> [Dataset section]:
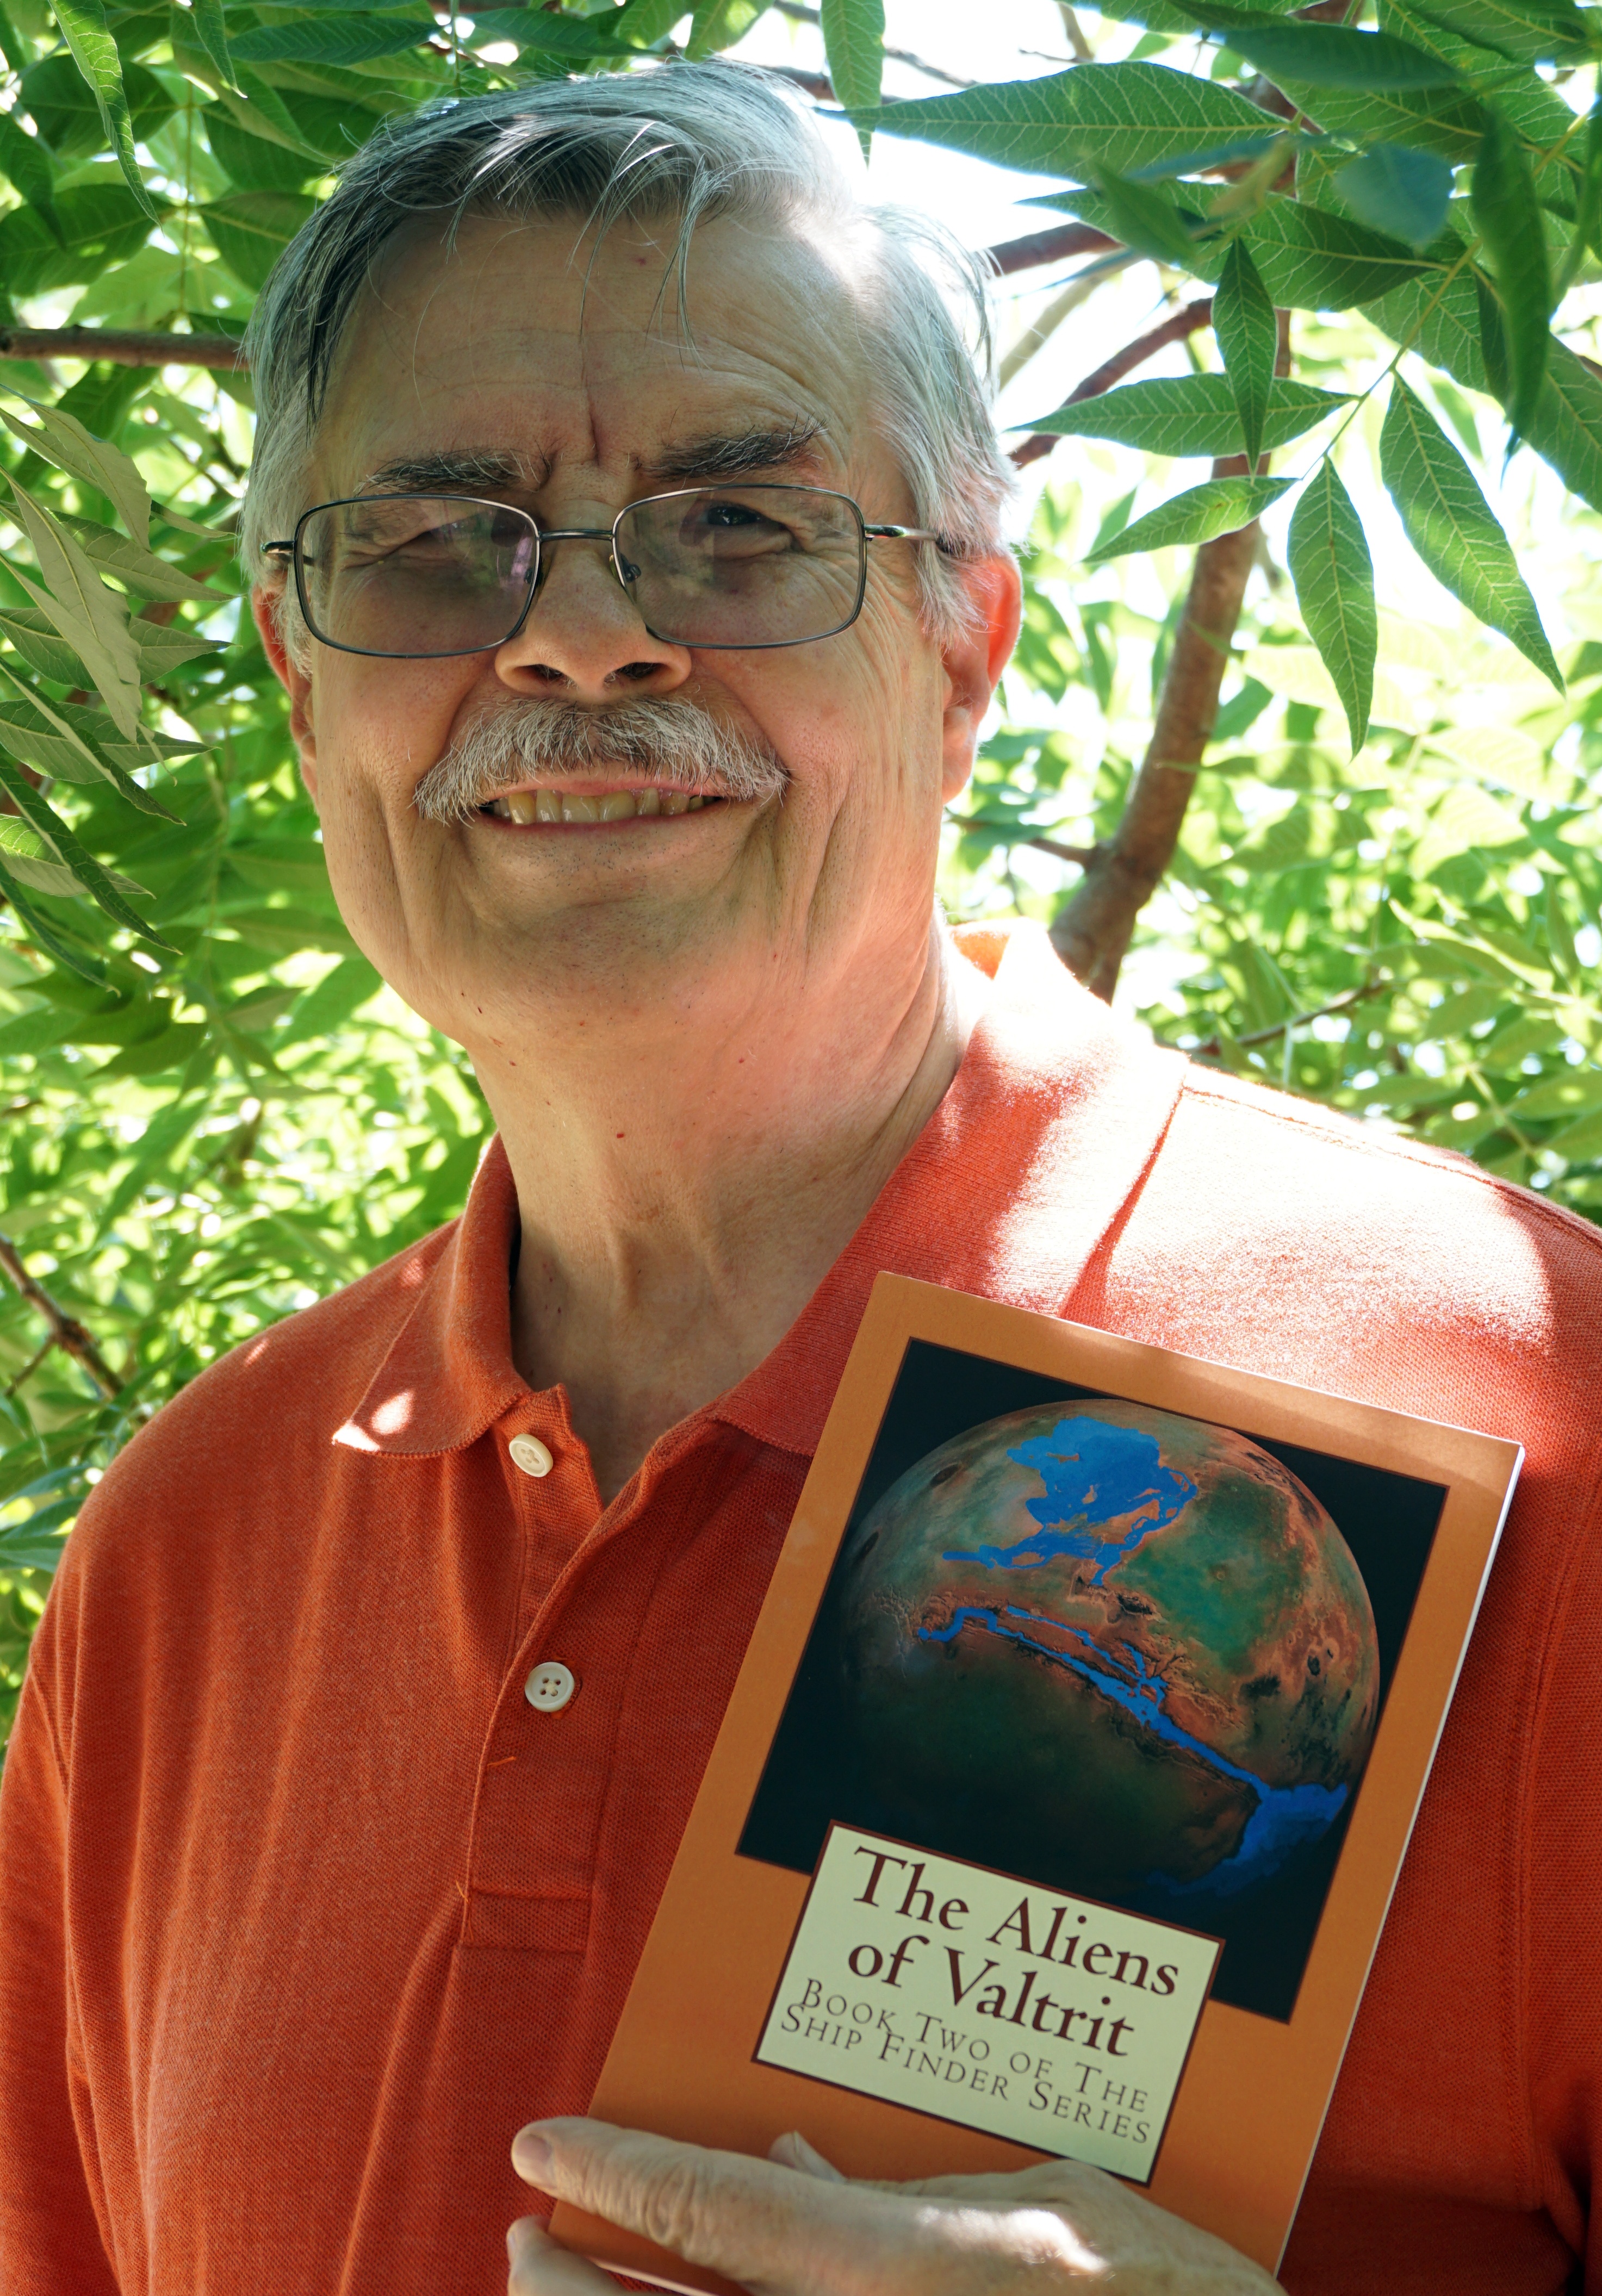 Author John G Bluck with a copy of his sci-fi novel, "The Aliens of Valtrit."
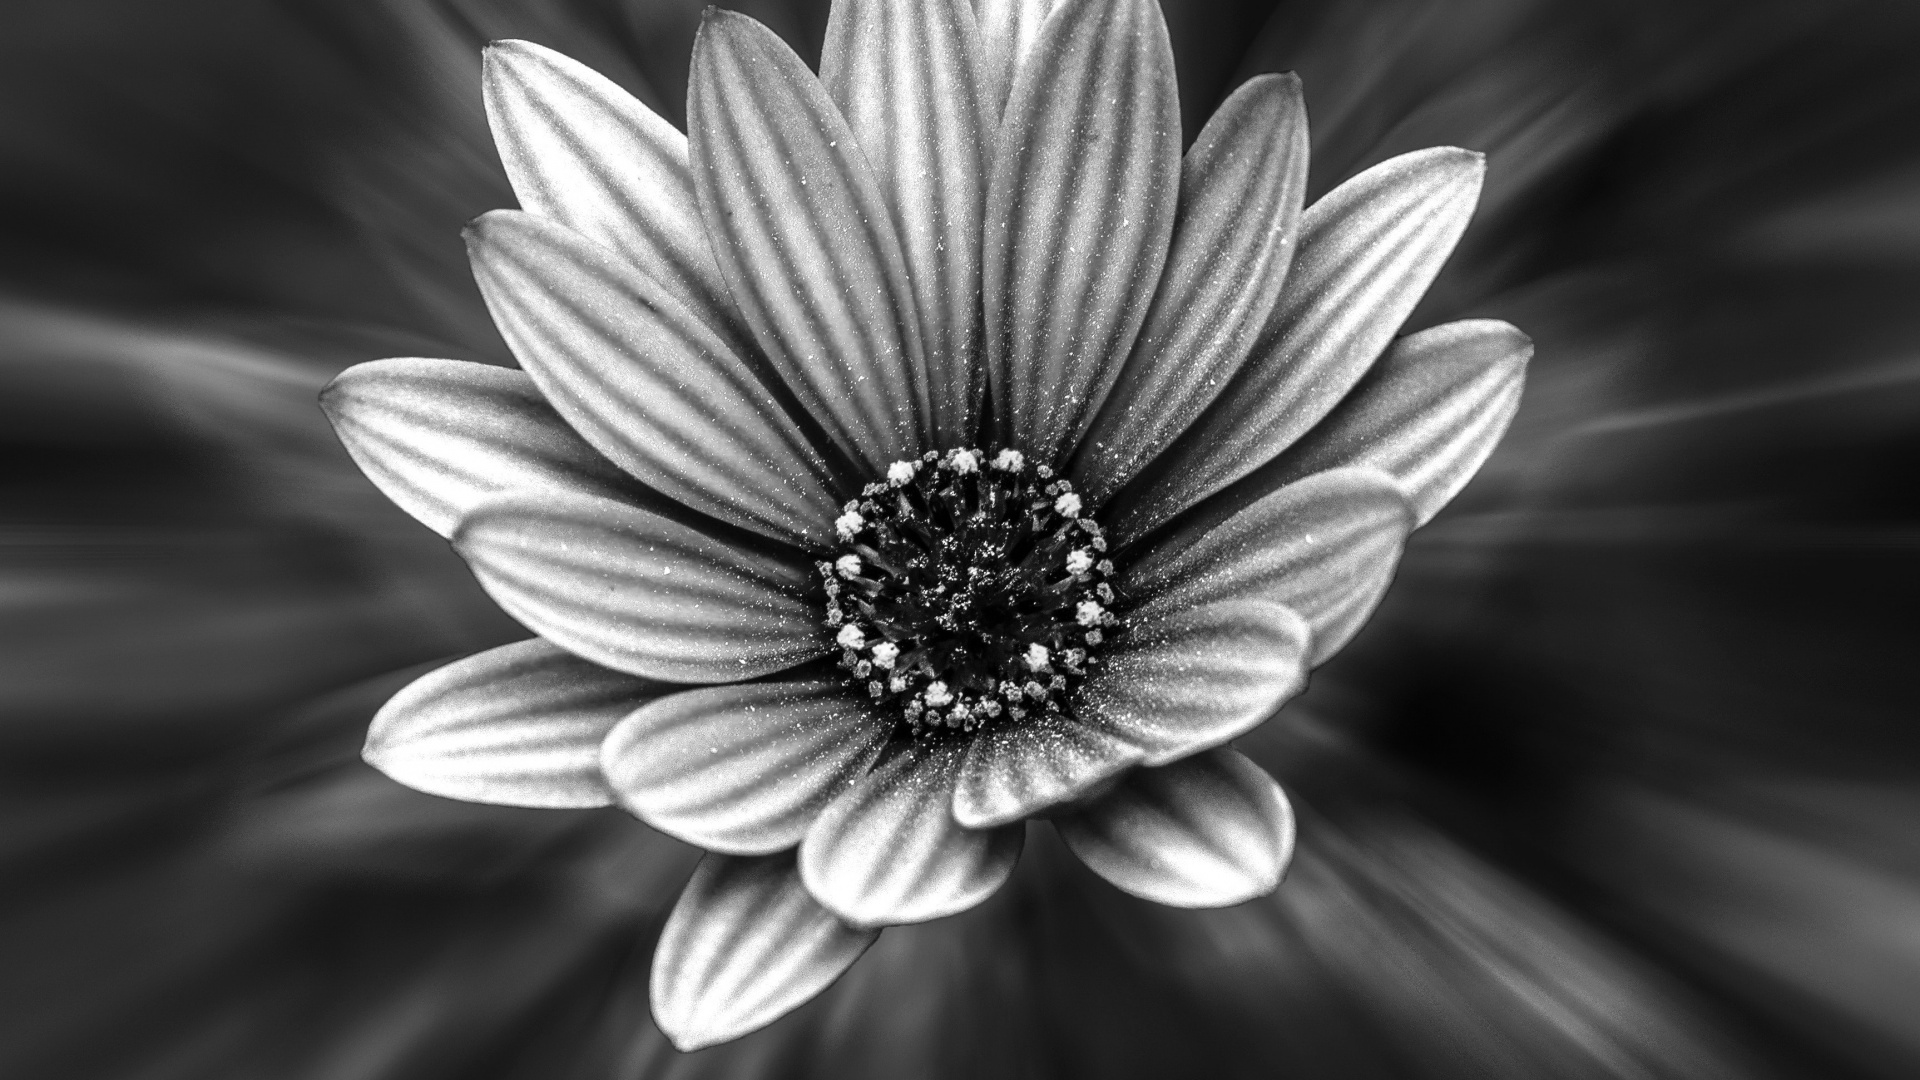 Grayscale Photo of a Flower. Wallpaper in 1920x1080 Resolution
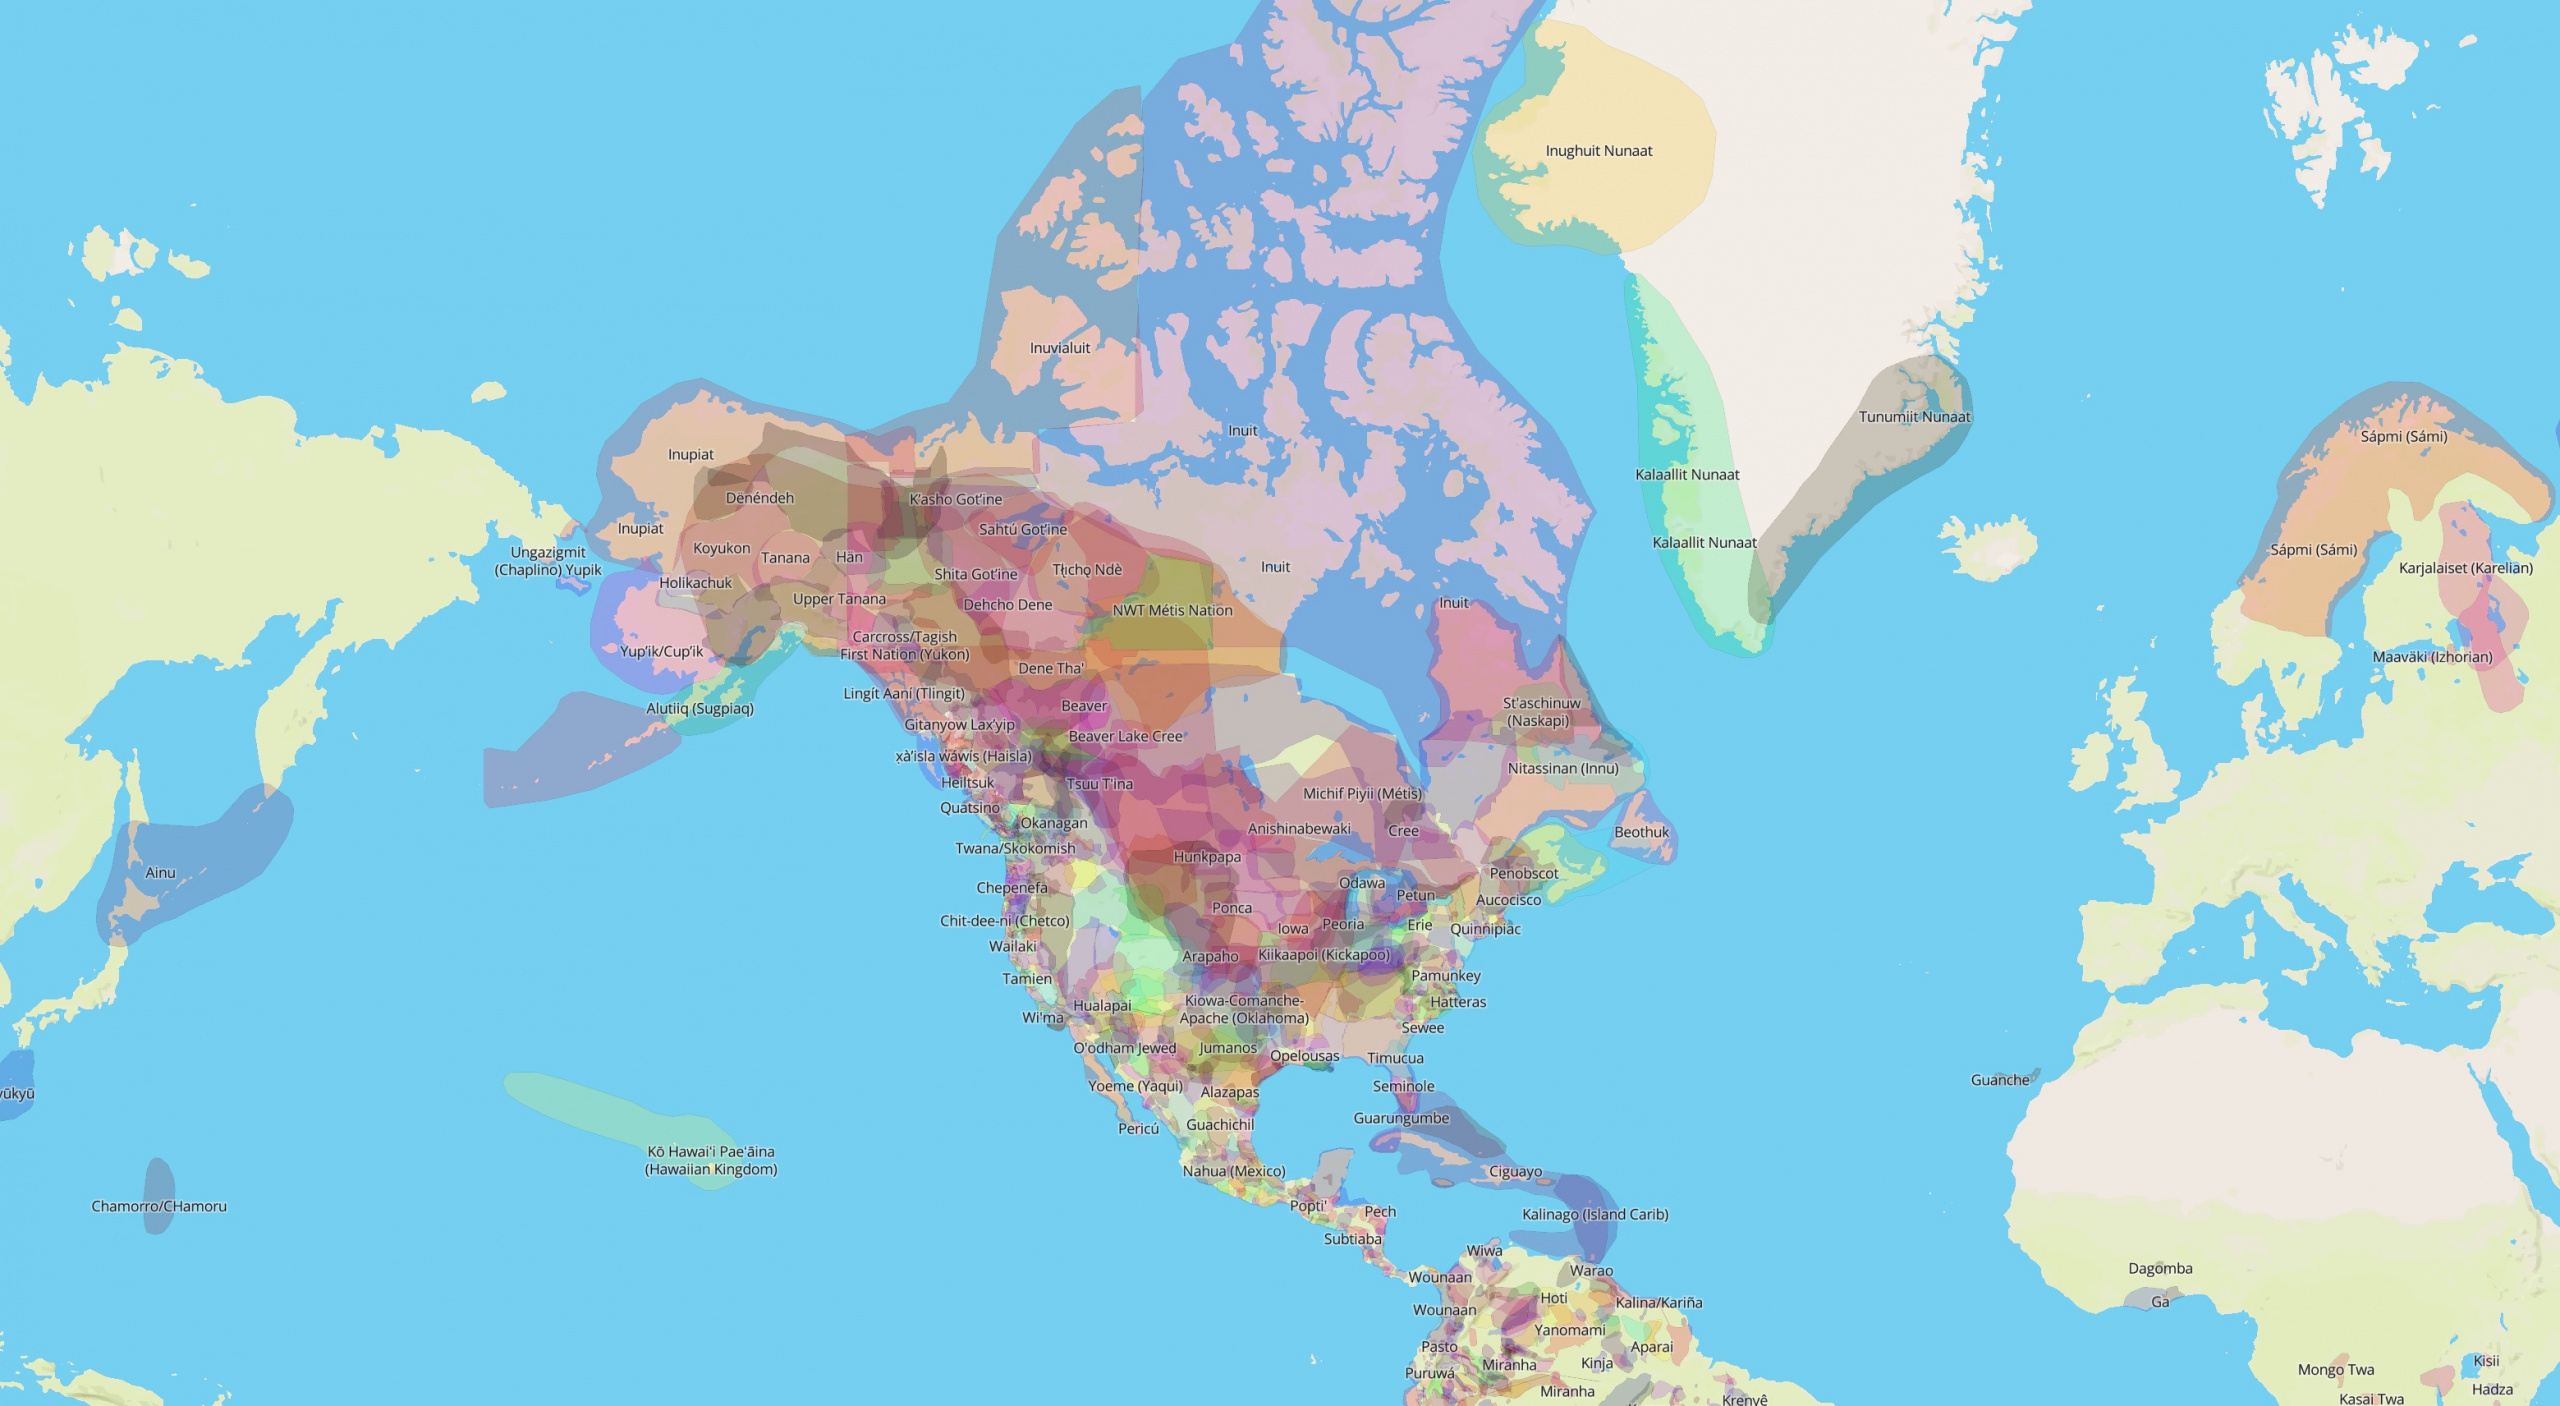 A map of Canada with Indigenous territories displayed.

> [Your goal]: Reproduce the whole listing exactly, but not the images in it.

> [Response below]:
 Author John G Bluck with a copy of his sci-fi novel, "The Aliens of Valtrit."
 Grayscale Photo of a Flower. Wallpaper in 1920x1080 Resolution
 A map of Canada with Indigenous territories displayed.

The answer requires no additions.